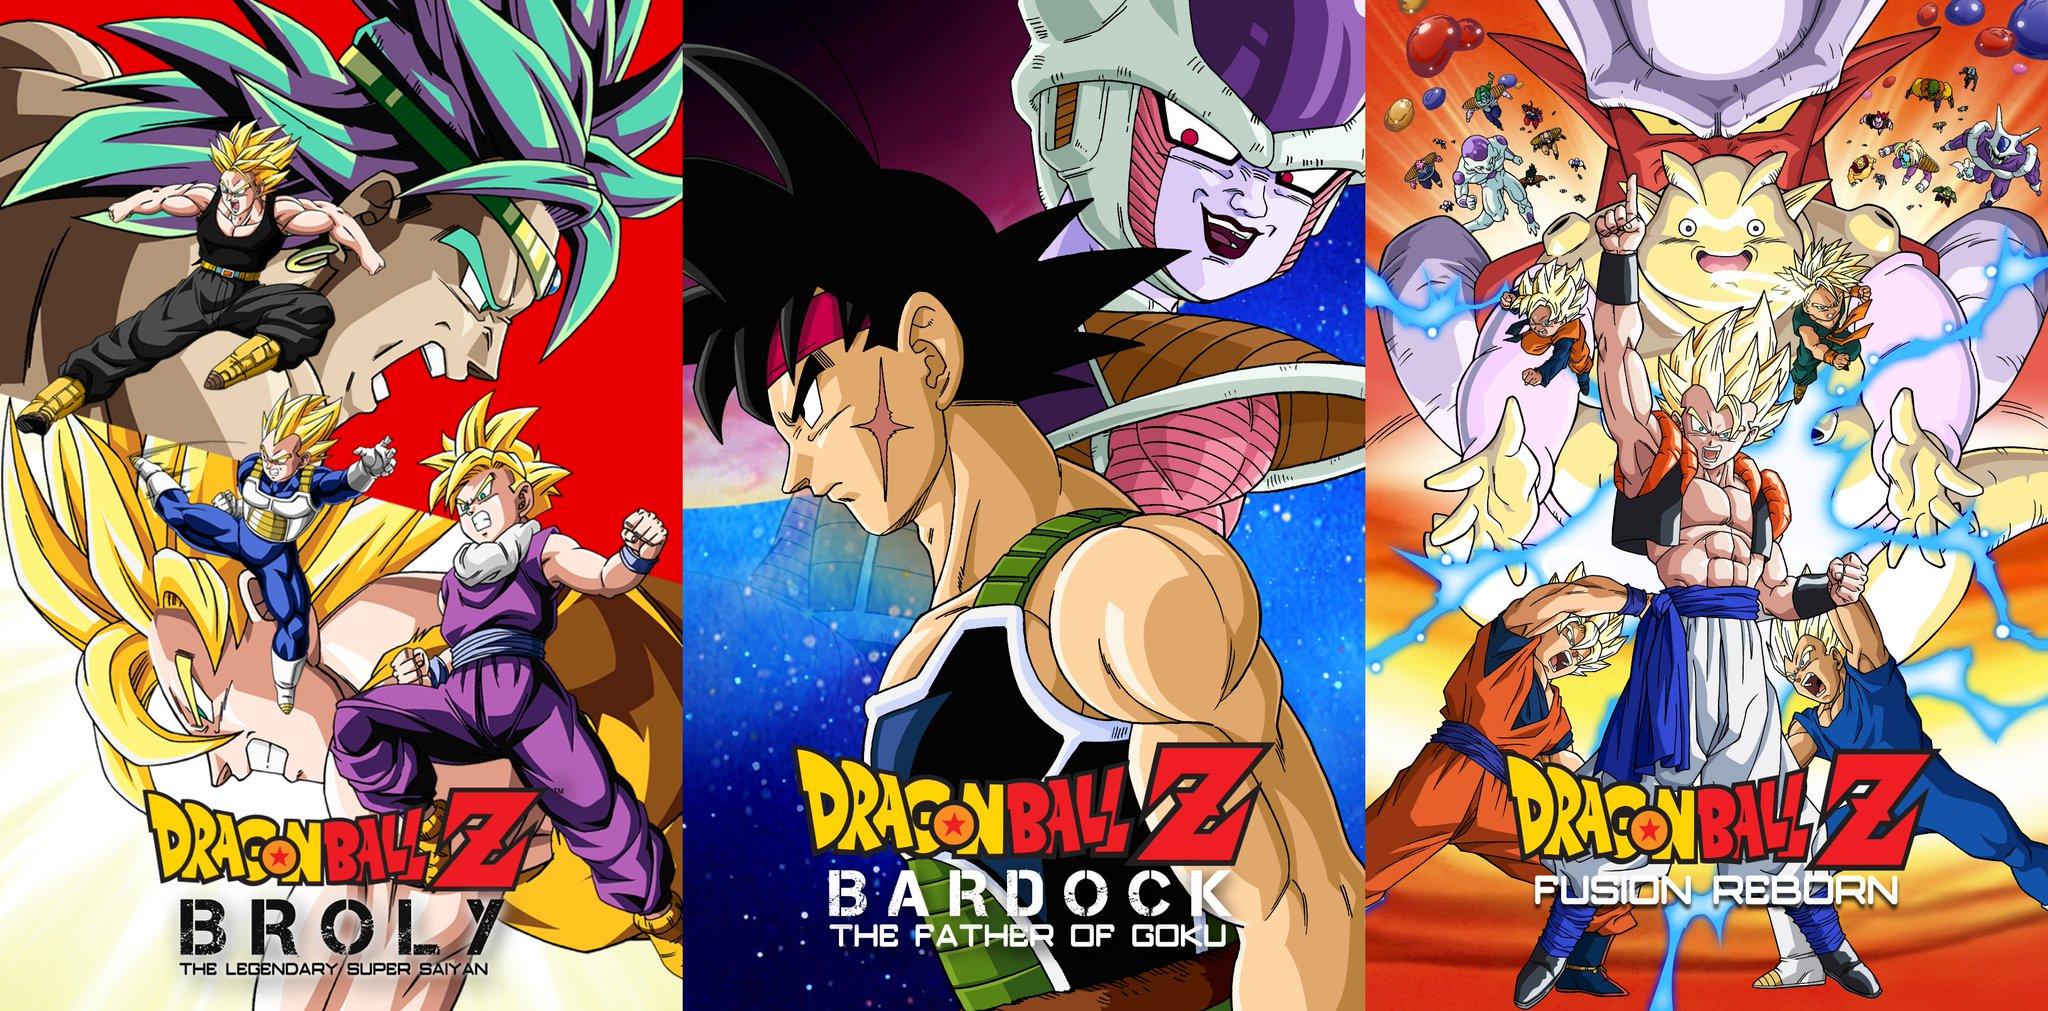 Dragon Ball Z filmes remasterizados
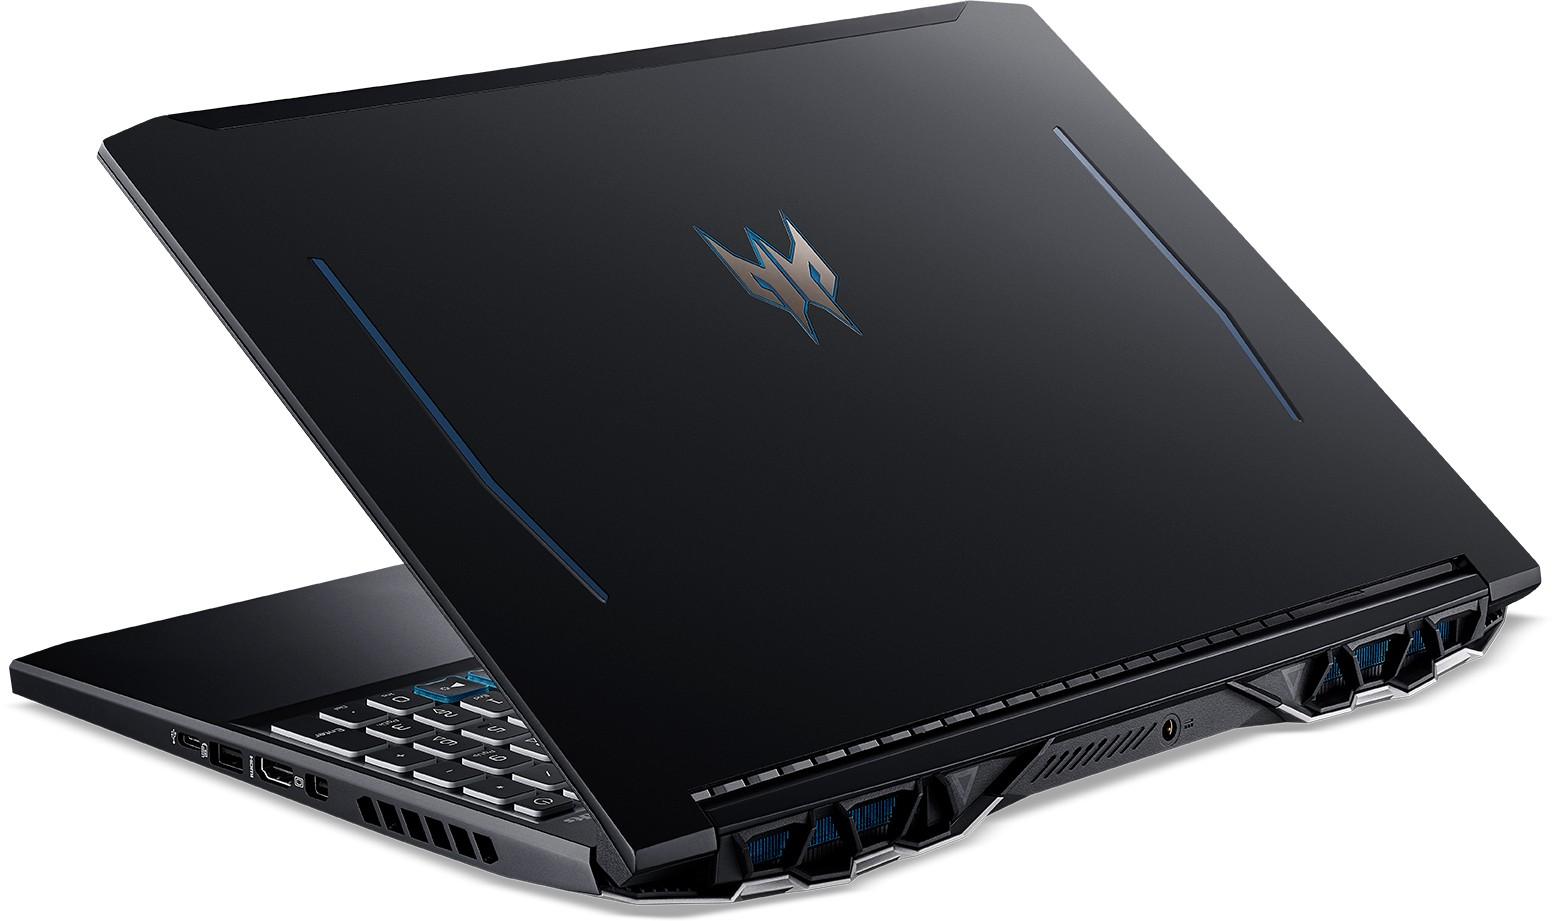 В России анонсировали новый игровой ноутбук Helios 300 от Acer
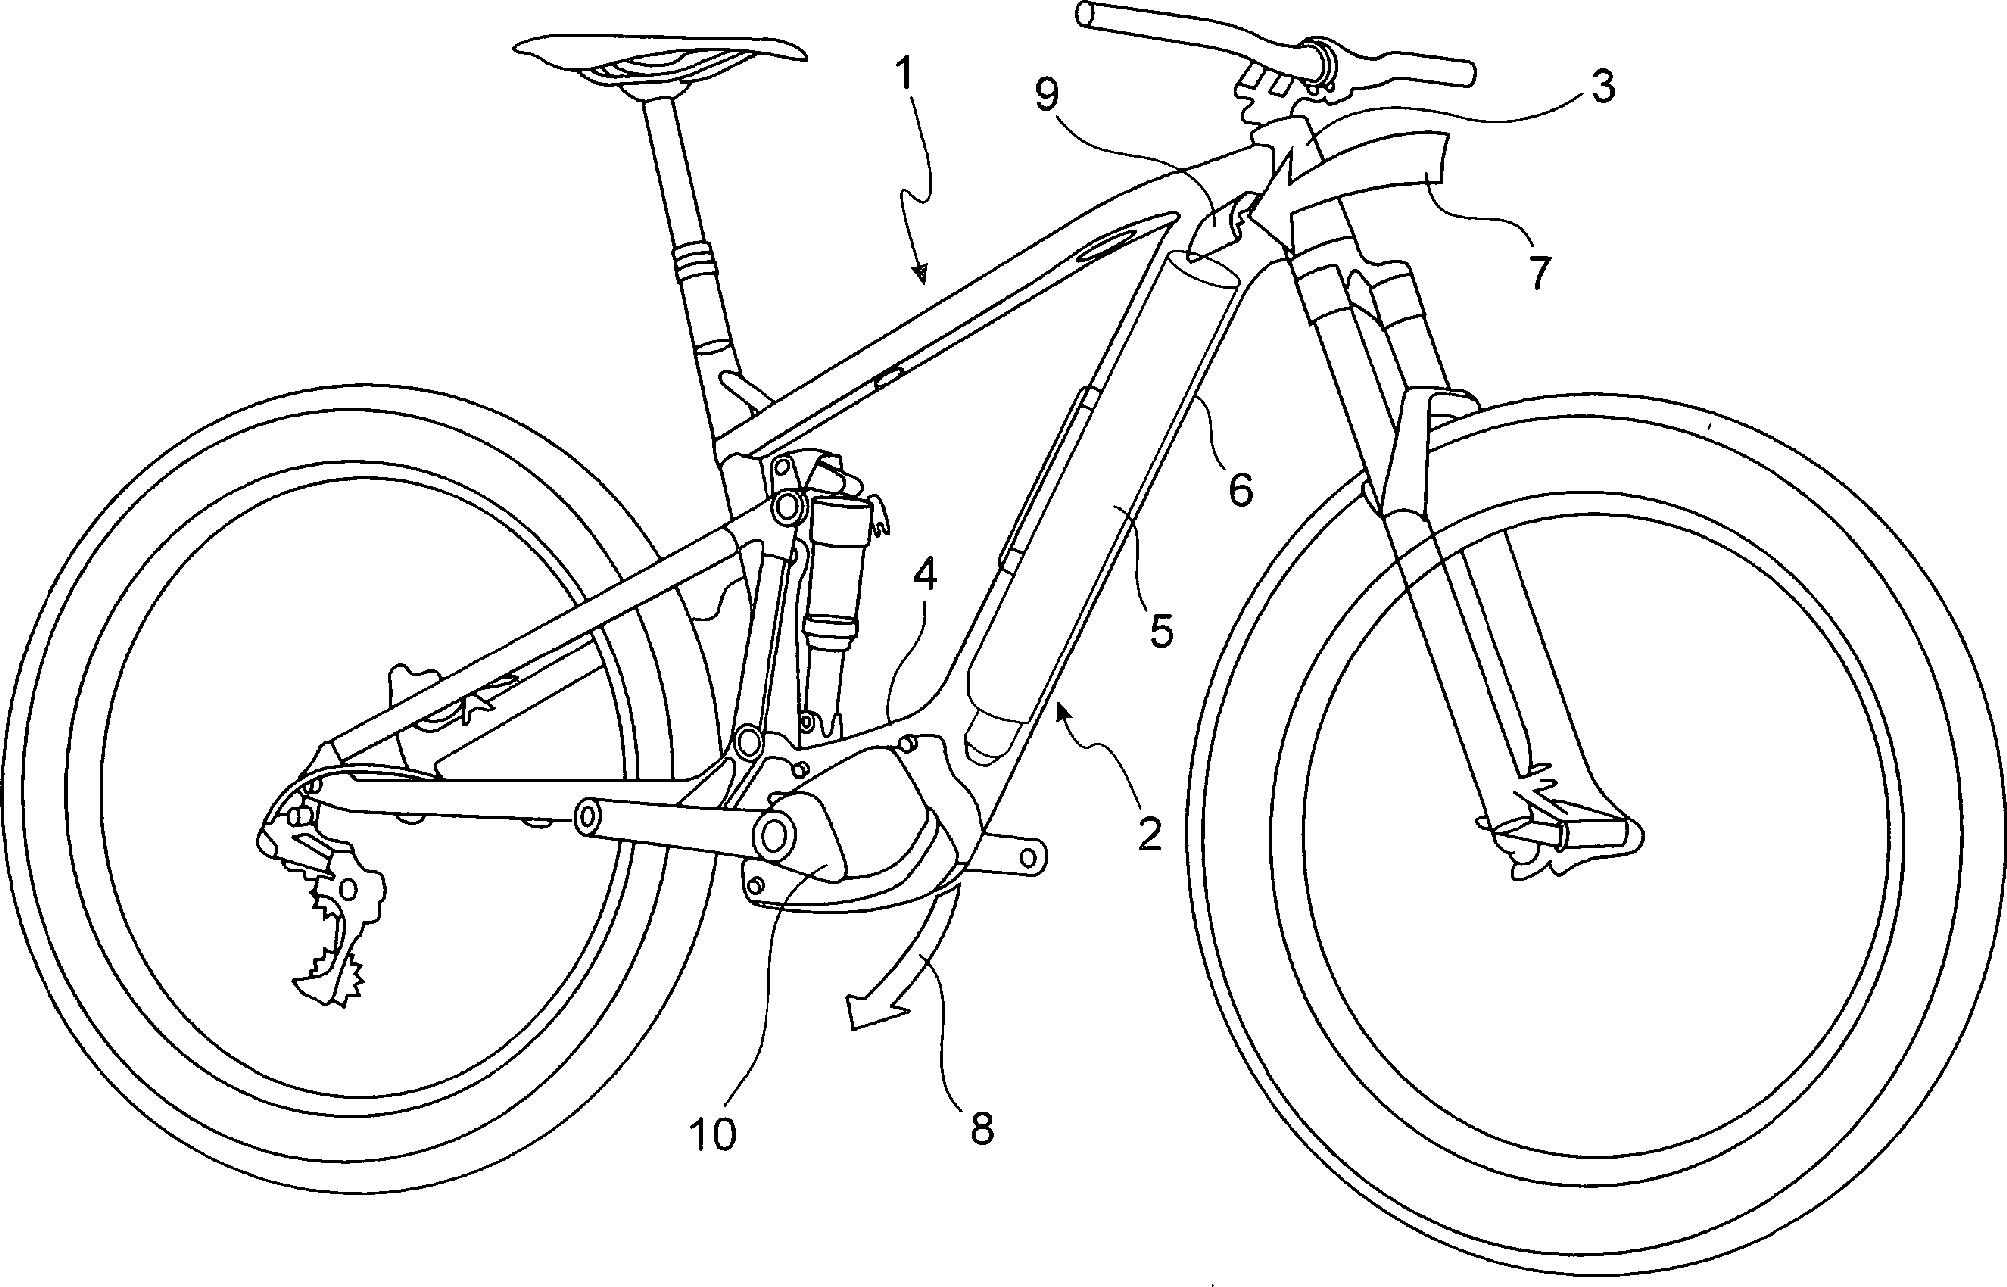 Figure DE202016002960U1_0001
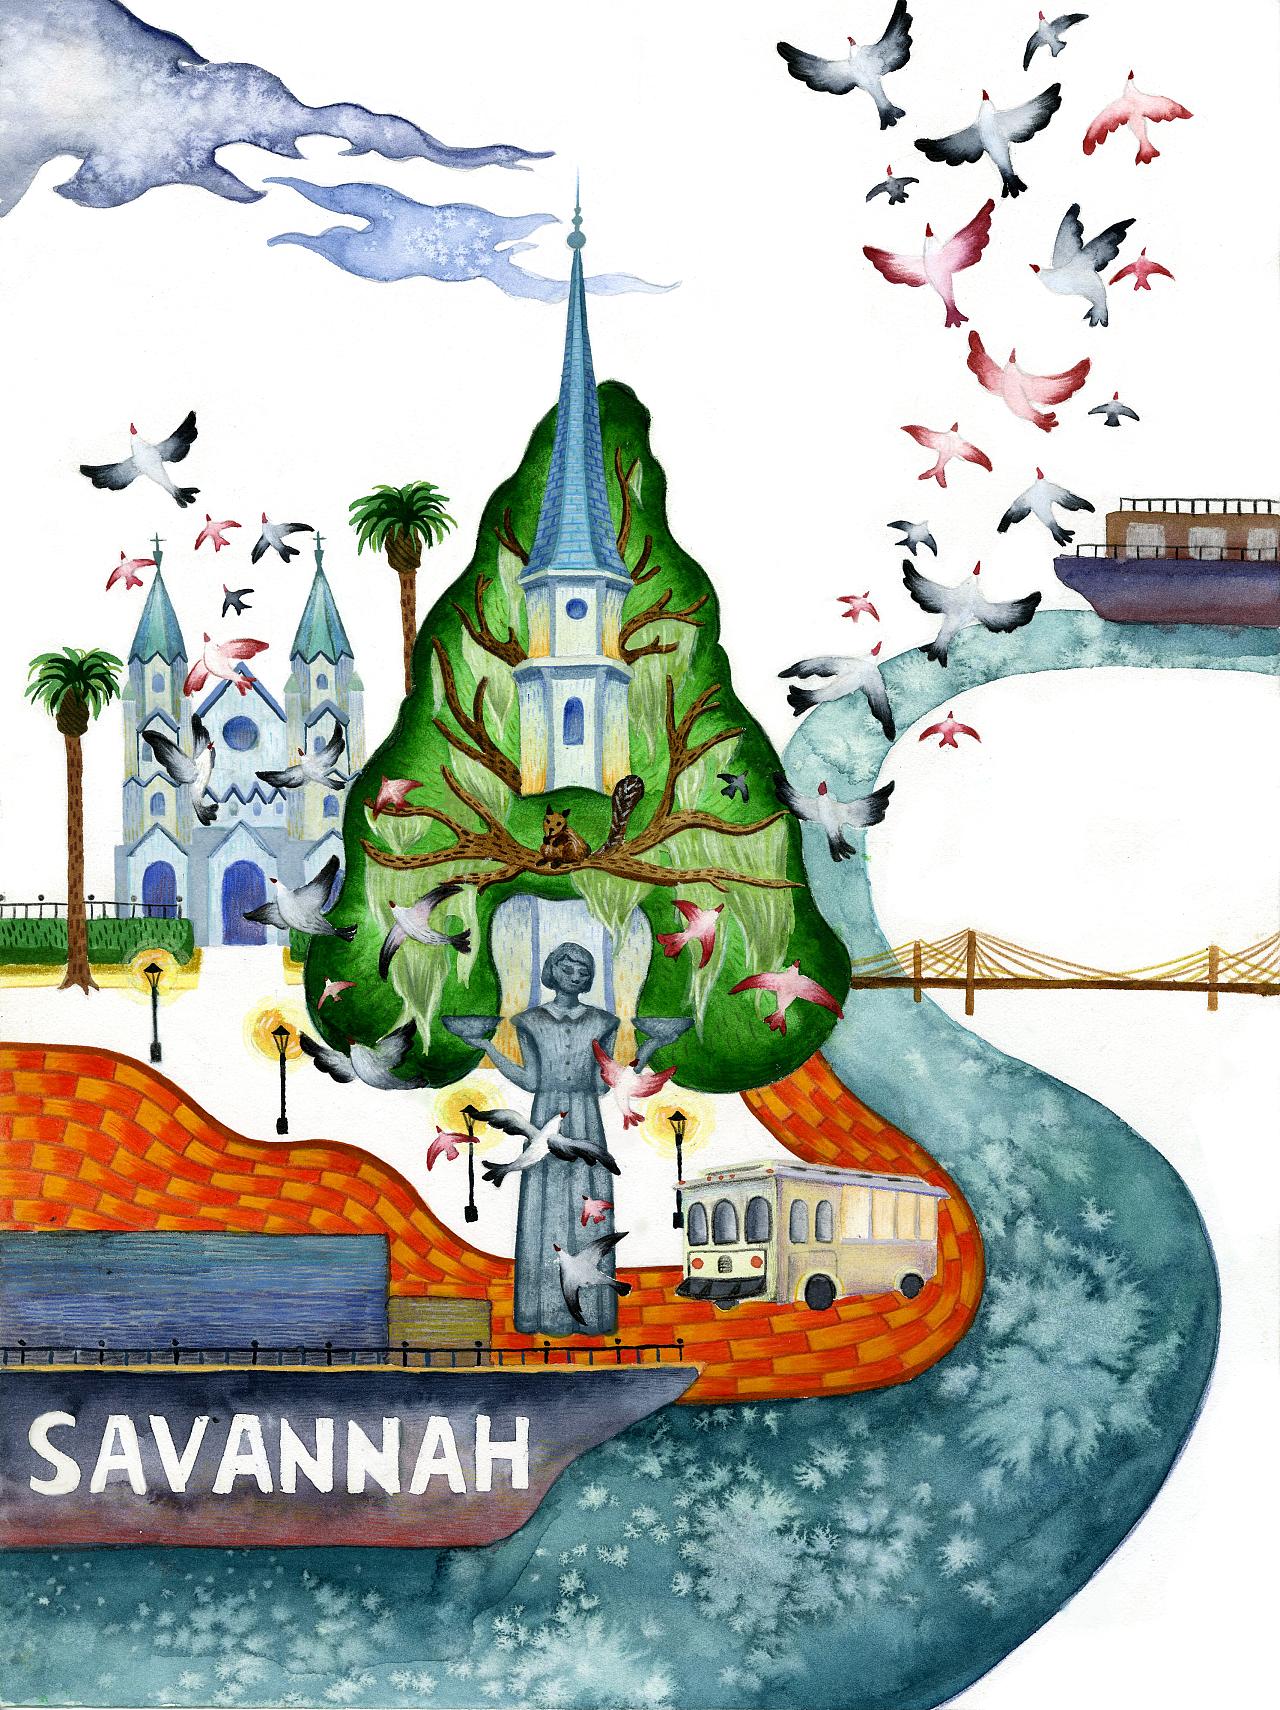 萨凡娜城市海报,手绘,水彩 彩铅.

§ Aim of the task: Copy the data word for word and omit every picture.

§ Answer section:
 Dragon Ball Z filmes remasterizados
 В России анонсировали новый игровой ноутбук Helios 300 от Acer
 Figure DE202016002960U1_0001
 萨凡娜城市海报,手绘,水彩 彩铅.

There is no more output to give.